I’ve spent two decades watching how influence actually moves across borders, institutions, and systems. I’ve advised at the United Nations and the International Trade Centre on trade and investment strategy across Asia, Africa, and the Middle East. I built senior networks across emerging markets for Swiss Re, reporting directly to the Chairman of Global Partnerships. I led international trade strategy for BlueScope - Australia’s largest foreign investor across Asia - through the most significant regional trade negotiations of the past decade.
That career is not a detour from this work. It is the reason for it. Two decades of watching how the most consequential moves in complex systems get made produced a single conviction: the leaders who move hard problems are not the ones with the most resources. They are the ones with the clearest structural commitment and the most deliberately built influence.

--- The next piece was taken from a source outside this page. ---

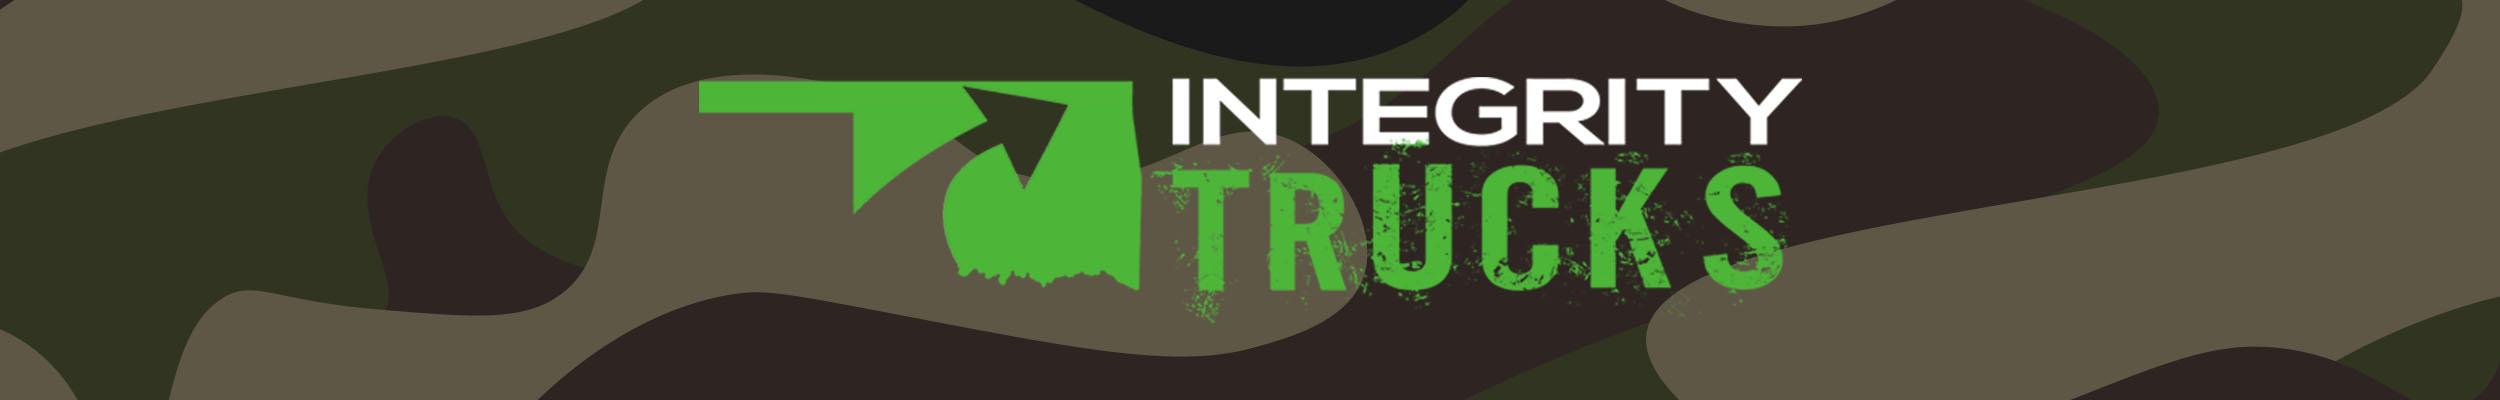 integrity-trucks-2500

Pick a problem that markets won’t touch and states can’t move. State it precisely enough that progress can be verified. Make a structural commitment that is costly to reverse. Build influence by making it rational for others to come with you. The credibility compounds. The model gets copied. The problem moves - and so does your strategic position.
I’m not a fan of tech. I’m a fan of gaps - interested in the space between institutional failure and commercial extraction, and in the leaders who are structurally positioned to fill it.
I work with leaders and founders who have decided that extraction is not the answer. The Index, the framework, and the advisory work are all built for them.